In a company release, Applied Materials said the Department of Justice and the Securities and Exchange Commission have completed their related reviews, and that the civil deal concludes the U.S. government’s review. The company stressed its cooperation and framed the resolution as being in the best interests of its stakeholders, even if the price tag stings.
BIS's allegations in brief
The Commerce Department’s Bureau of Industry and Security says its charging documents allege that Applied Materials and its Korea unit caused the reexport of U.S.-origin ion implanter module systems to Semiconductor Manufacturing International Corp. on 56 occasions between November 2020 and July 2022, valued at roughly $126.25 million. Those details are laid out in the agency’s proposed charging letter and order, according to BIS.
The "dual-build" routing BIS flagged
BIS describes a "dual-build" setup in which partially manufactured equipment and U.S.-assembled components were shipped to Applied Materials Korea for final assembly and testing, then sent on to SMIC. Regulators say that the route did not strip the tools of their U.S. origin for export-control purposes. Tech coverage has unpacked the sequence and BIS’s rejection of AMAT’s "substantial transformation" defense, which the agency said does not provide a shield under the Export Administration Regulations, as reported by Tom's Hardware.
Settlement terms and required audits
The settlement imposes a civil penalty of roughly $252.5 million and requires Applied Materials to complete two internal audits of its export-controls program. The first audit must cover the 12-month period beginning January 1, with a report due no later than July 1, 2027. The second must cover the 12-month period beginning January 1, 2027, and be due no later than July 1, 2028. The agreement also places a three-year denial of export privileges in suspense, which BIS can activate if Applied Materials fails to make timely payment or submit the required audits, according to the Commerce Department.

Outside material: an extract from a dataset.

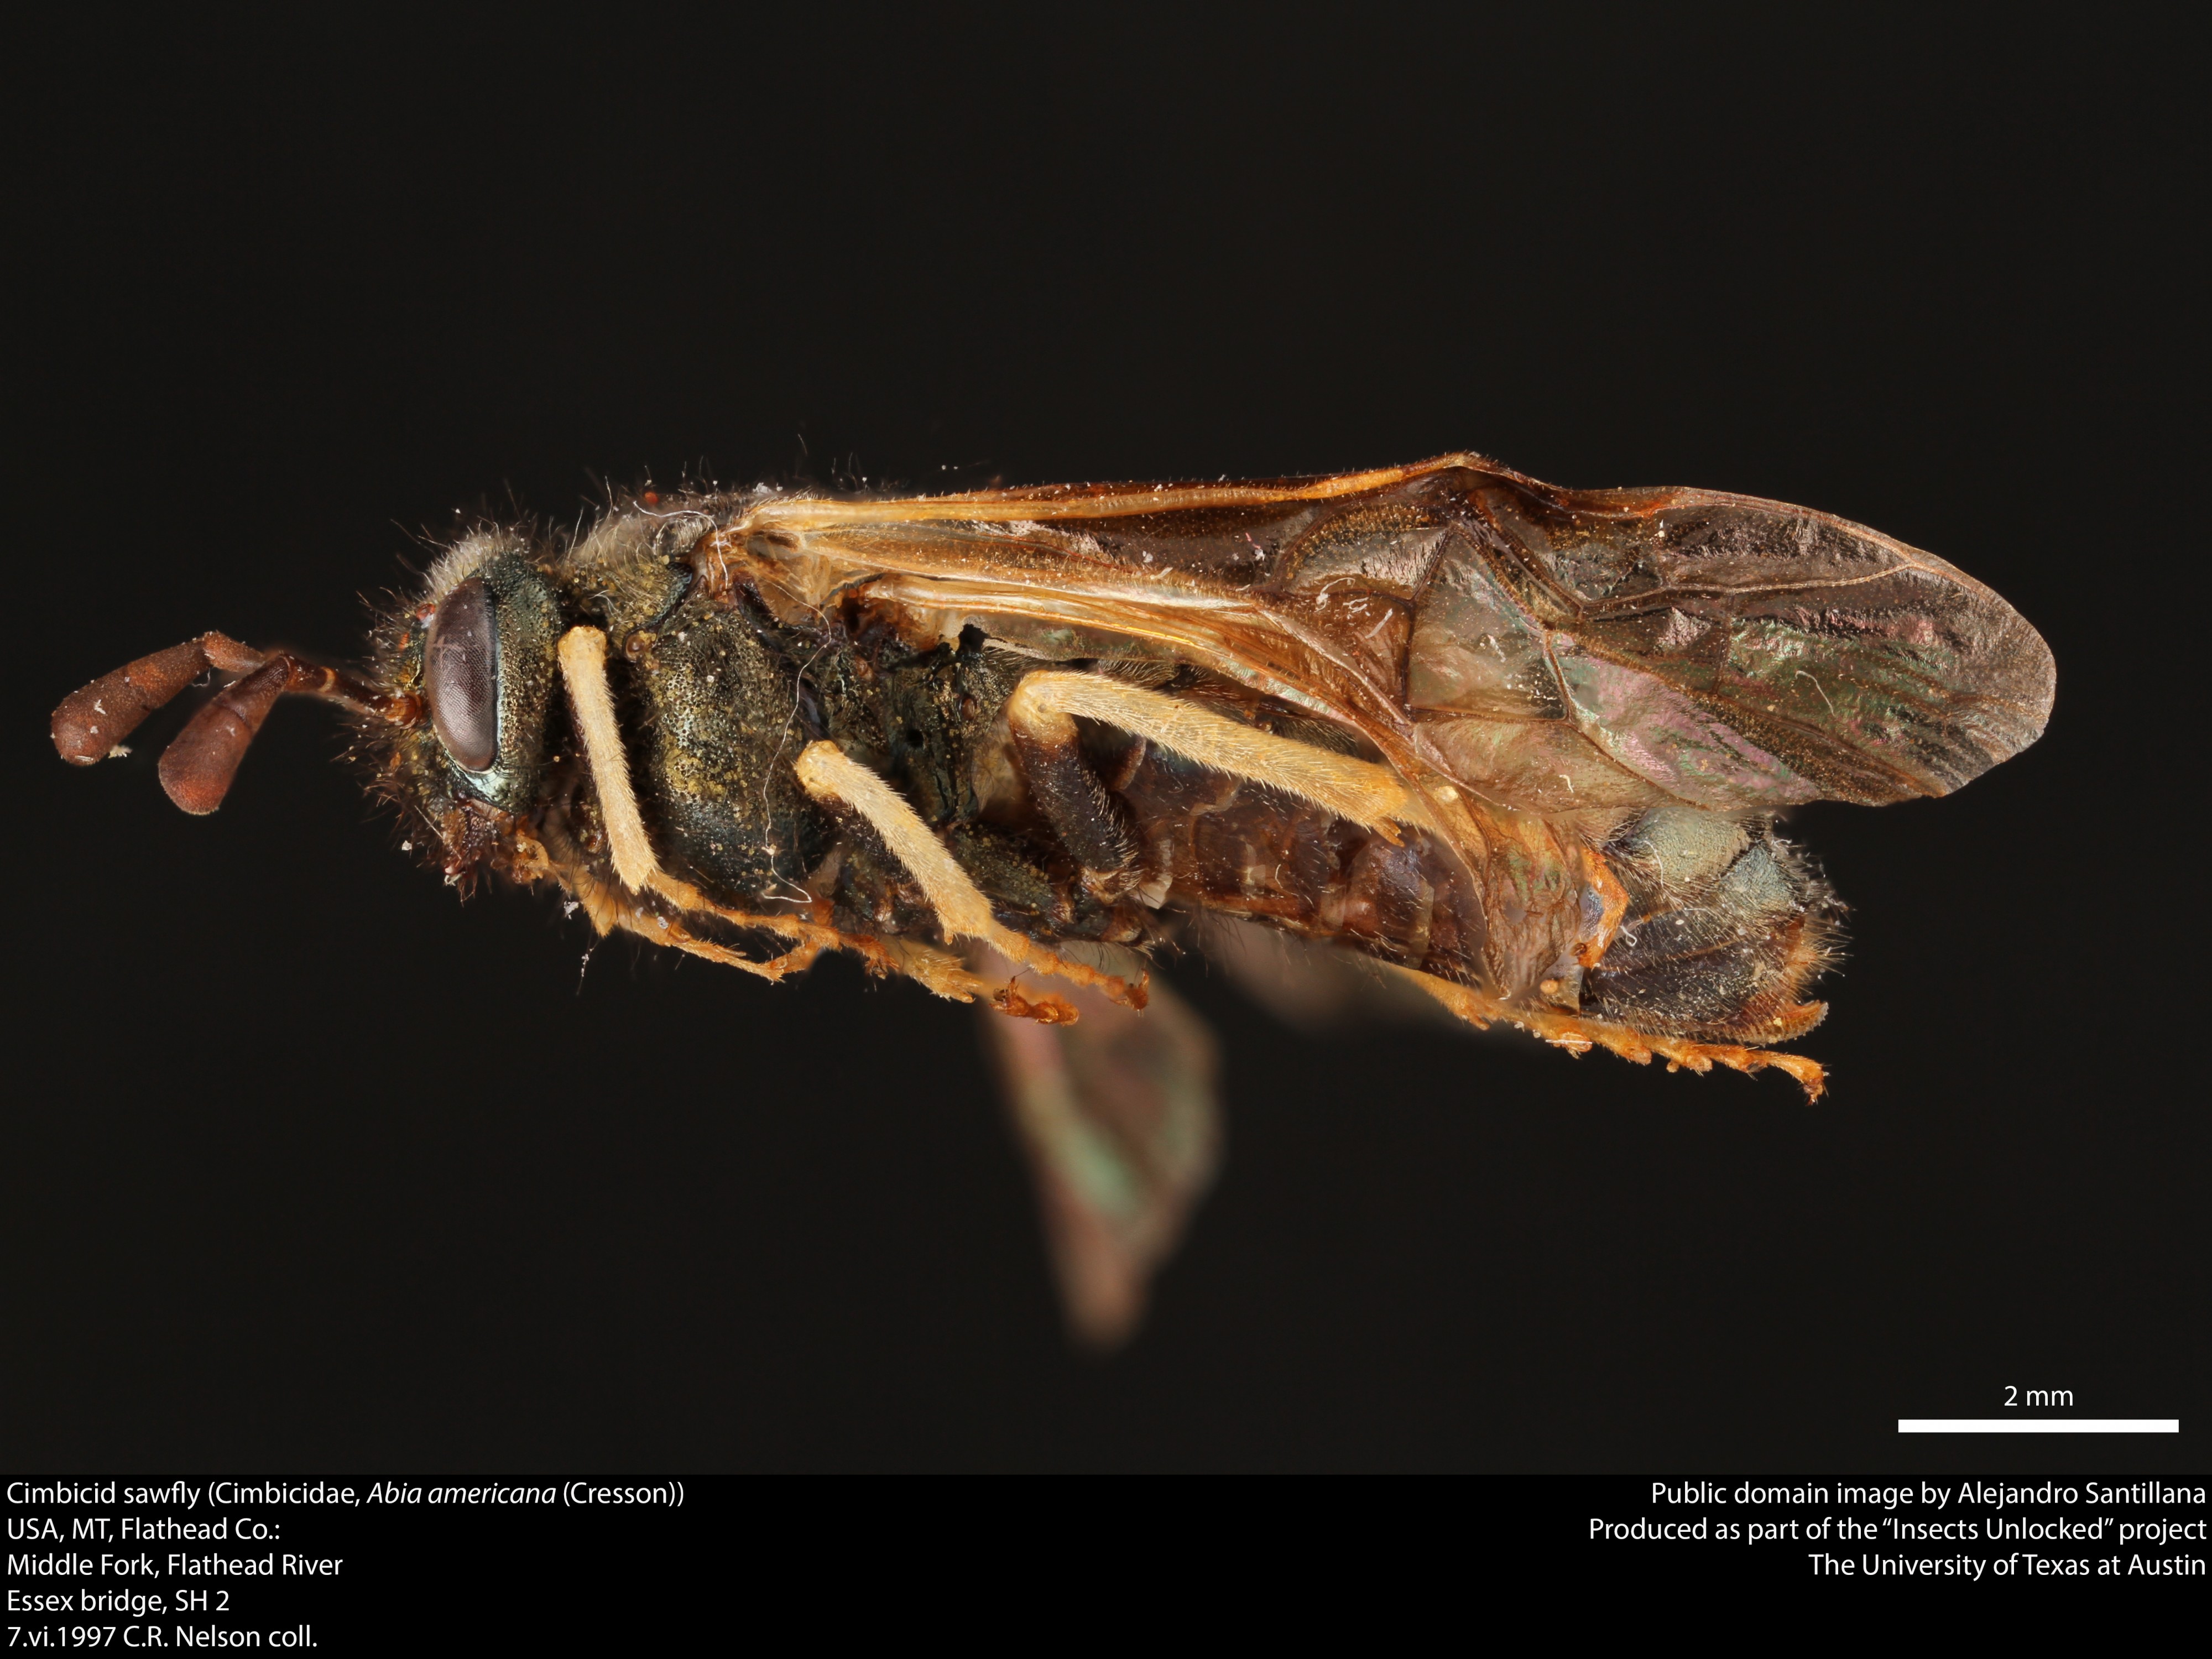 Cimbicid sawfly (Cimbicidae, Abia americana (Cresson)) (37765990112)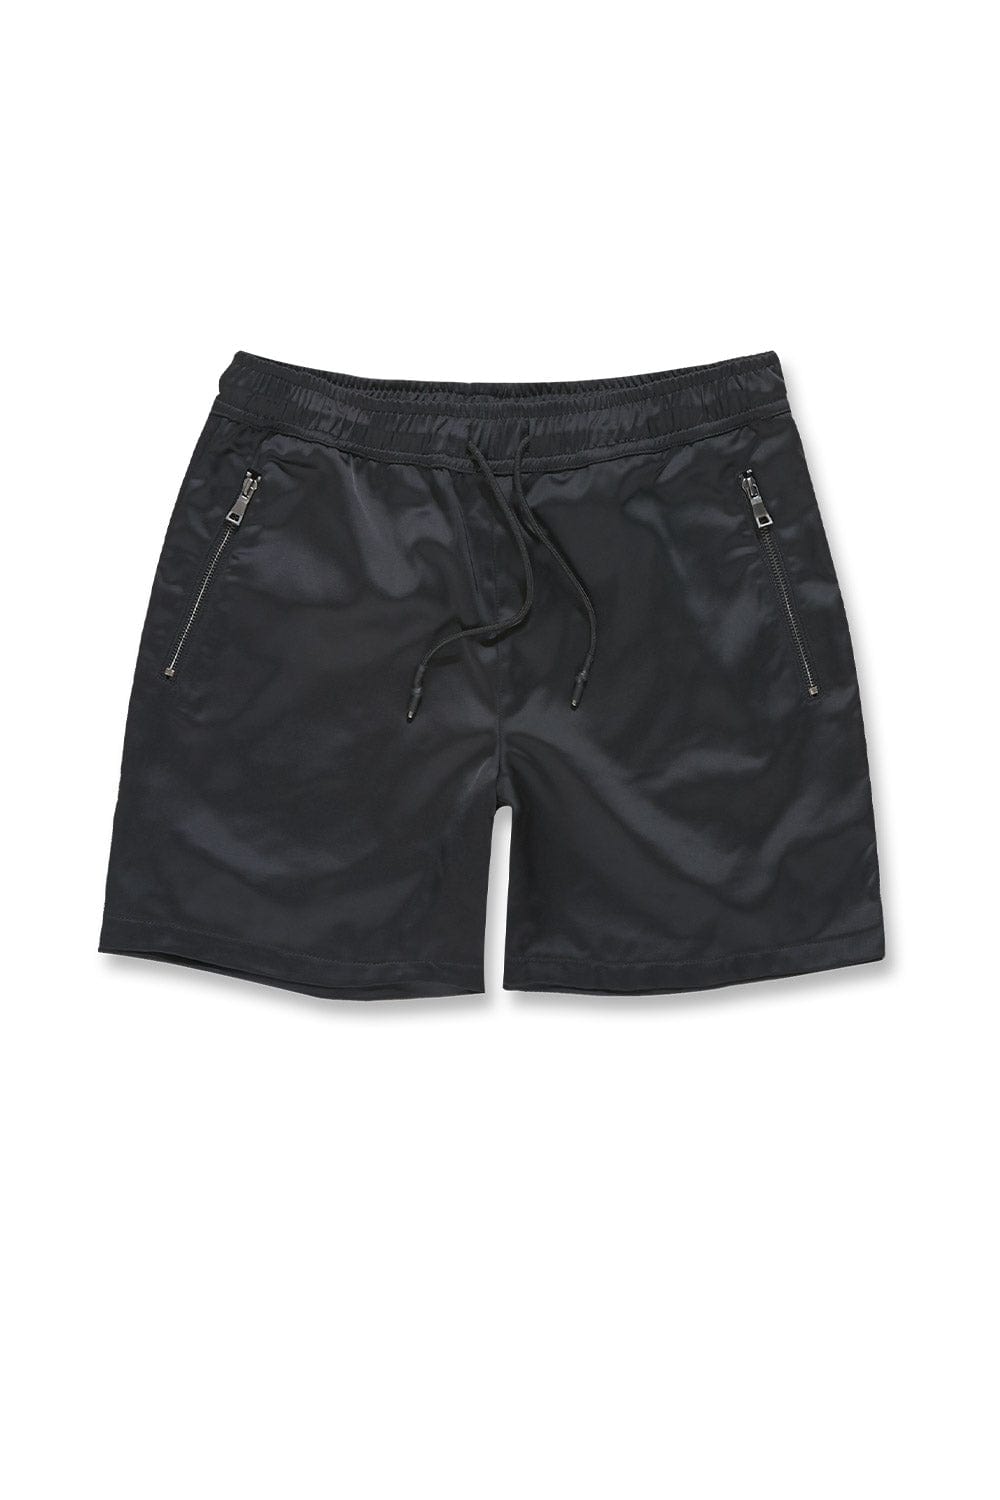 Jordan Craig Athletic - Lux Shorts Black / S

Why lawyers and regulators are watching
Advisers say BIS’s blunt rejection of the substantial-transformation argument narrows the legal wiggle room companies have relied on when spreading production across borders and raises compliance risk for the broader tooling supply chain. As outlined by Arnold & Porter, the order ranks among the largest BIS penalties to date and signals a sustained, cross-agency push to cut off sensitive exports to Entity List parties.
Legal implications
While Applied Materials publicly cast the outcome as resolving a misunderstanding, settlement records and industry coverage, including reporting by Reuters, indicate that AMAT cooperated and that regulators treated the U.S.-origin modules as subject to the EAR. That stance changes the risk calculus for toolmakers that rely on complex, multi-country builds. Legal briefings from Fenwick & West highlight not just the size of the civil penalty but also the long-tail compliance obligations that follow.
What to watch next
For Silicon Valley, the case is a pricey reminder that export compliance is a very real business risk, not just fine print in a policy manual. Local suppliers and engineers will be watching the audit results and whether BIS ultimately flips the switch on the suspended denial of export privileges. Legal advisers say those audit reports, and any follow-on enforcement, are likely to reshape how U.S. toolmakers structure cross-border production and tighten compliance controls in the months ahead, according to Arnold & Porter.